Thanks for the input fellas, I am leaning more towards Morbark or Bandit.


----------



## Millerstree (Jan 2, 2008)

*salsco chipper*

i had a model 826 pto chipper made by salsco. i felt it was a well built chi pper.but i sold it because it was it was a hassle hauling it around. i have a bandit 250 and a chuck-n-duck now. but i would buy another salsco. i have a account with a golf course and they bought a salsco about 5 months ago and they really like it. they tried several chippers out before buying it. just my opinion.


----------



## ROKFISHIN (Jan 2, 2008)

*Salsco*

I used to work for a company in NC that was a Salsco dealer. I have been in or around the tree business for 10 years, and either worked on or sold equipment for 20. Currently operating a family biz and climbing full time, so I really have no dog in this fight.

I learned a lot about chippers while selling Salsco. I sold a few to municipalities before leaving that job and all were totally satisfied. They are built like tanks and sit on the stoutest frame in the industry. They also utilize 2 bed knives, which makes for some nice chips. There is also a large slot behind the blade pockets on the disc that greatly increases the ability to exhaust chips. I spent many hours with the model 813 and never clogged it. On one demo, we chipped dead, wet, rotten wood mixed with honeysuckle vines. The customer was trying to clog the machine as his Bandit was notorious for this. The Salsco never slowed down. Their speed sensing also runs off the chipper disc, not the engine. No more smoked belts, and a faster "catch up time" with big wood. The machines are hand built, one at a time and the fit and finish is far better than anything else we compared it to. Machine is powder coated before assembly, so no unpainted surfaces mated together or painted hyd hoses. Sal (the owner) builds one hell of a machine.

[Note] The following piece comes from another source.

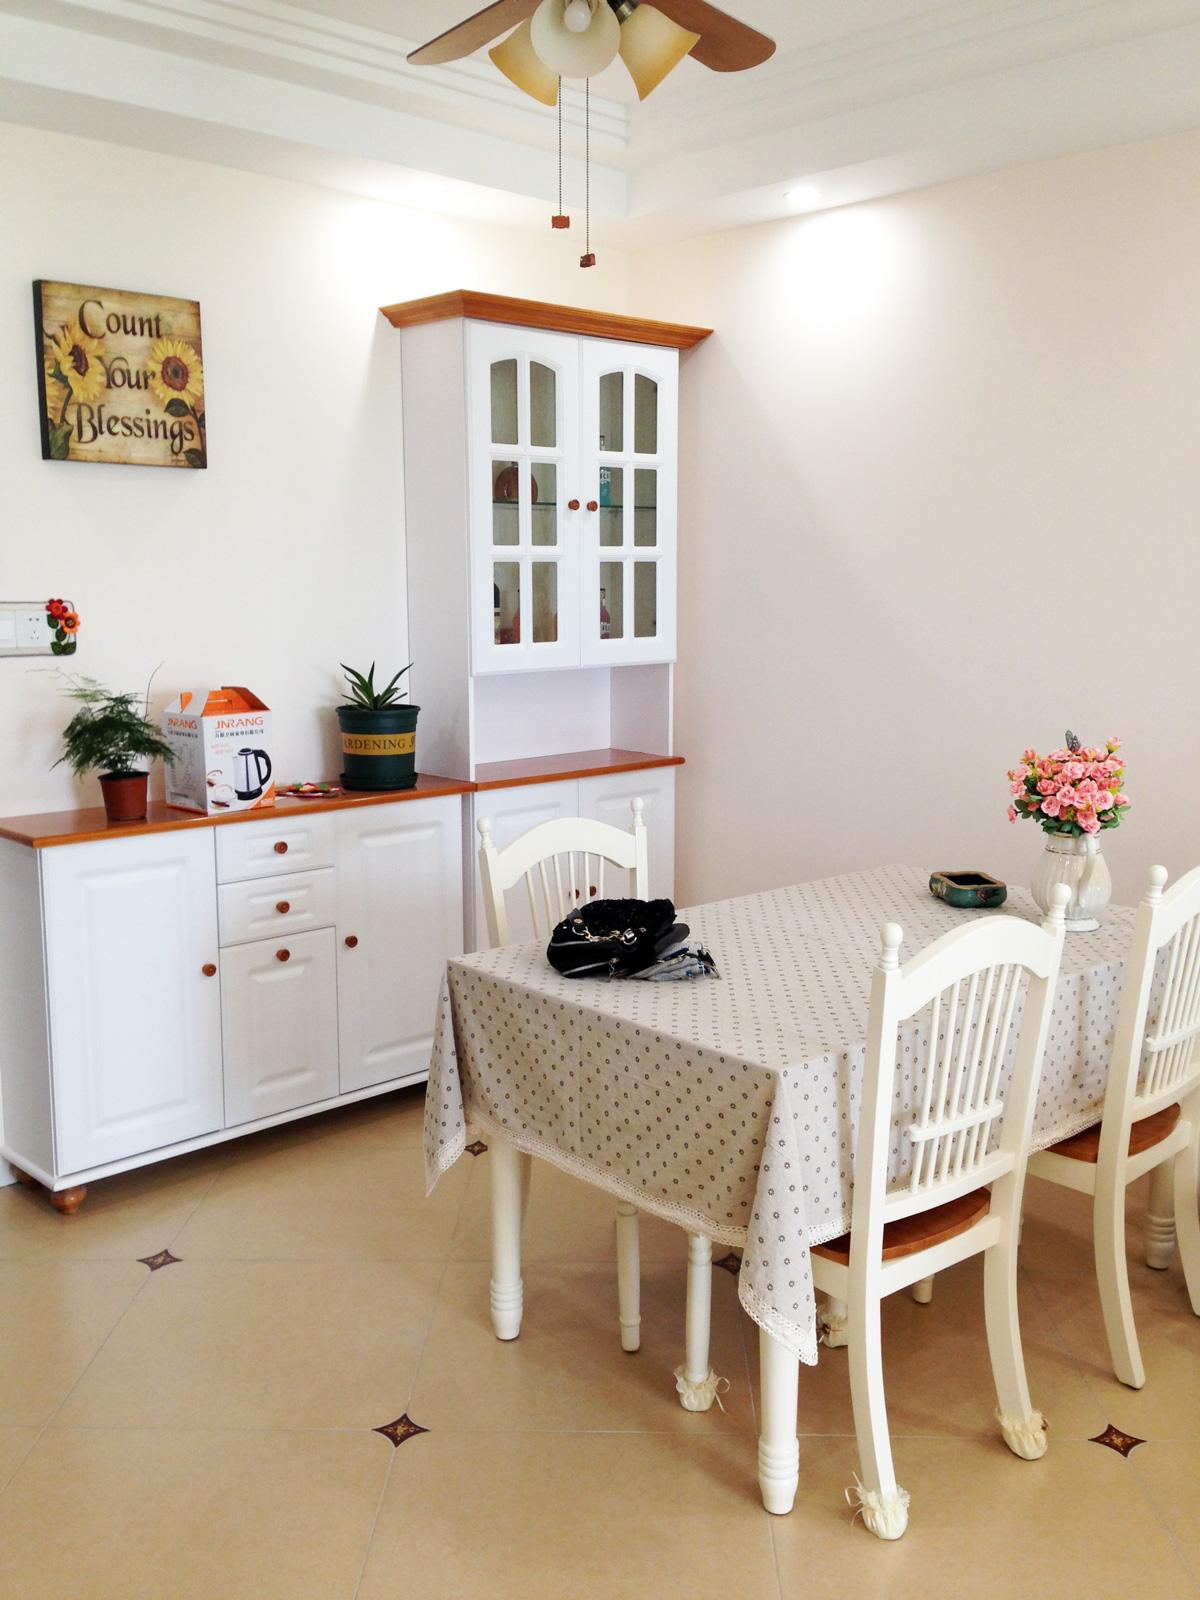 98m²三室二厅:我家从装修到入住只用了不到5个月时间 案例 第2张

The down side is, of course, the price, but you definately get what you pay for. Our company currently uses a Vermeer chuck and duck. We looked into buying a 13" Salsco, but just can't justify the price vs the benifet of a large chipper. 90% of our business is wrecking pine trees and we rarely chip anything larger than 6" (log the rest).


----------



## Slvrmple72 (Jan 3, 2008)

Thanks Rockfishin. I was impressed with what I saw on the website for their chippers and I am still toying with the idea of making my own chip/dump setup even though the Bandit chipper/chip box trailer setup really has me thinking! I guess it comes down to how hungry I want to be; get the biggest chipper I can and then work my business to grow into it. I have been renting chippers for my jobs and blowing the chips into the bed of my F-350 ( Cab too,when my son opened the rear slider w/out me realizing it :censored: )I got tired of shoveling chips so I got a Load Handler, the commercial one but now I am looking at making a chip box around a Dump-Pro bed insert. Mount a small chipper on the trailer, blow the chips into the box on the back of the truck, put the logs on the back of the trailer behind the chipper with a hydraulic winch powered by the chipper, and get home in time for dinner! I think that the 4" 84 Series with the 25hp Kohler would work perfectly mounted on the front of a 16' dump trailer with some modding. If my part time business outgrows this setup I think it would be an easy item to sell to a Landscaper/Lawn Care outfit.


----------



## outdoorsman0490 (Feb 22, 2011)

Slvrmple72,

I had somewhat the same thoughts as you have, I got tired of stacking and packing brush in my dump trailer and wanted to get my first chipper. I looked at the smaller chippers, including Salsco. One of the main things you need to look at is the throat dimensions on the chipper. That salsco has 4"X8" throat. Think of all the crotches in the brush and how many are not going to fit through that. I tried a similar model and new it wasn't for me. I found a 94 bandit model 90 with only 300 hrs. on it, the throat is 9"X17" and payed a lot less than that salsco would be. I can now chip into the truck, with the load handler, on smaller jobs; chip into the dump trailer on larger jobs, and chip into the woods whenever the homeowner says to. I may have to make an extra trip or two getting the equipment to the job, but I would rather spend that extra time sitting and driving over breaking my back trying to make the brush fit through that machine. Just food for thought, but I am happy with my choice.


----------



## ATH (Feb 22, 2011)

I think you and I had talked about exploring chipper/trailer a few years ago... I am also still interested in the idea, but haven't pulled the trigger yet.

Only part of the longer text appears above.